То, что случилось потом, я не могла объяснить ничем, кроме как своей усталостью от одиночества и многолетним сексуальным голодом. Помноженным на острую влюблённость в этого человека... Я не успела ничего больше произнести, как Артемий Завельский подхватил меня и уложил в постель, где мы с остервенением занялись друг другом. Я только скрипнула зубами, когда он резко овладел мной; но о потерянной невинности не пожалела ни на минуту, а посмотрела на собственную девственность как на досадный фактор – боль притормозила наслаждение. Я ощущала такое сильное желание целиком принадлежать любимому, что уже не пыталась как-либо с собой бороться. И в этом заключалась моя погибель.

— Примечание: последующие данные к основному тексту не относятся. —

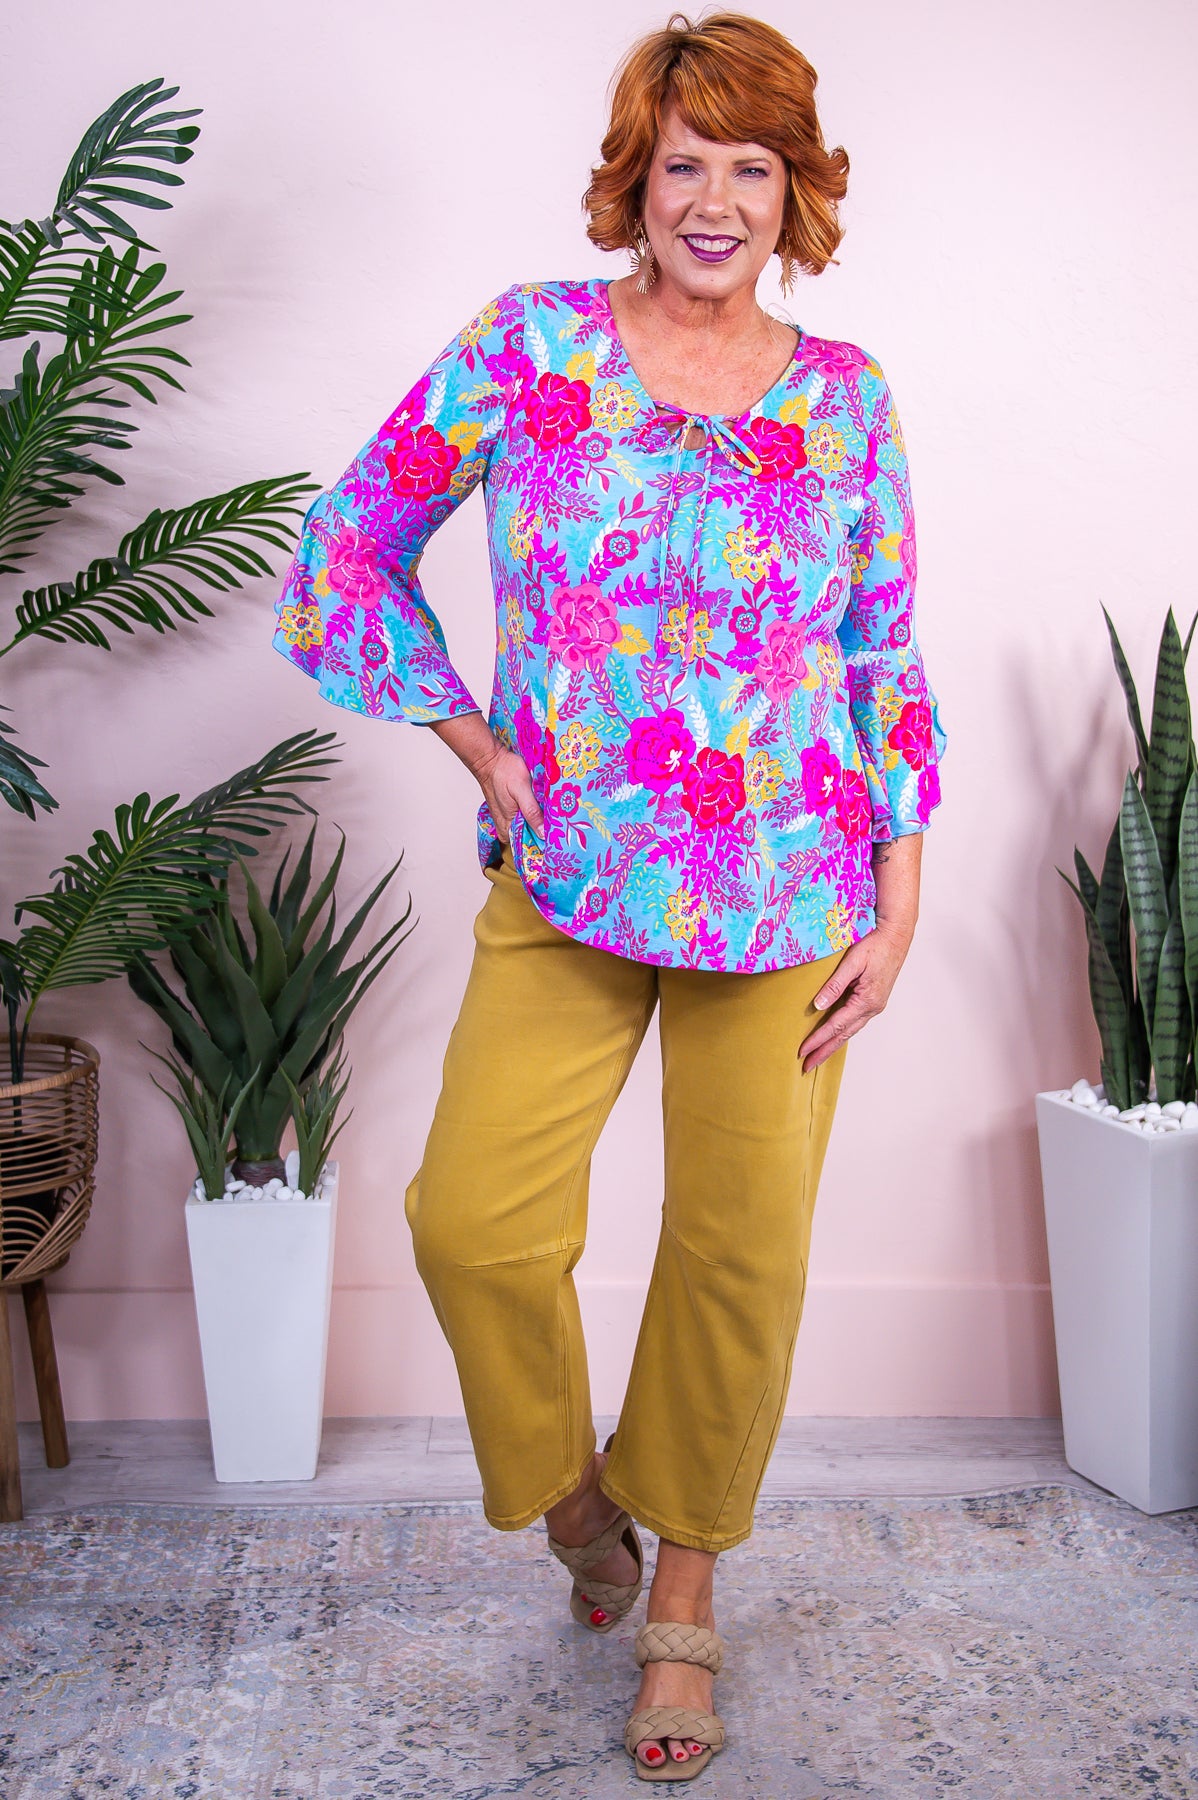 Life's Gifts Blue/Yellow/Magenta Floral Top - T9604BL

Жадные движения любовника сразу же стали осторожными. Я стиснула зубы, но не сдержалась и застонала – не столько от боли, сколько от досады, что он все понял.
- Делай, как хочешь, не обращай внимания.
- Не беспокойся, я так и делаю, - улыбнулся он мне, опять меняя темп и усилие. Я морщилась от непривычных ощущений, но не мешала ему. Напротив: так к нему льнула и так доверчиво обнимала, что просто стыдно вспоминать... Я влюбилась в него за полгода до того, как мы оказались вместе в постели. И дорожила этим чувством, зная свою невлюбчивость, неспособность хоть немного увлечься кем-то. А сейчас, в постели с любимым, я была на вершине счастья, - ещё не подозревая, что с этой самой вершины мне через неделю предстоит низвергнуться в пропасть.
Разве можно забыть такой превосходный первый раз, даже если он был с отъявленным негодяем и лжецом... Завельский старался двигаться медленно, но его удары становились всё более требовательными. Я вскрикивала от каждого такого поступательного движения - и уже не думала о том, мешают ли ему мои крики... Такого огромного наслаждения я не только никогда не испытывала, но даже не подозревала о его существовании. В какой-то момент среди непередаваемого удовольствия стало приближаться совсем новое чувство - и по силе, и по длительности. Оно накатывало волнами, которые то возрастали, то, схлынув, оставляли меня неудовлетворённой. Я захныкала и прикусила губу.
В конце концов Завельский добился того, что у меня свело руки и ноги; после сумасшедшего взрыва я была ошеломлена и растеряна. Я ожидала, что буду стыдиться себя, но ничего, кроме настороженного внимания к своему телу и приятной усталости, не было.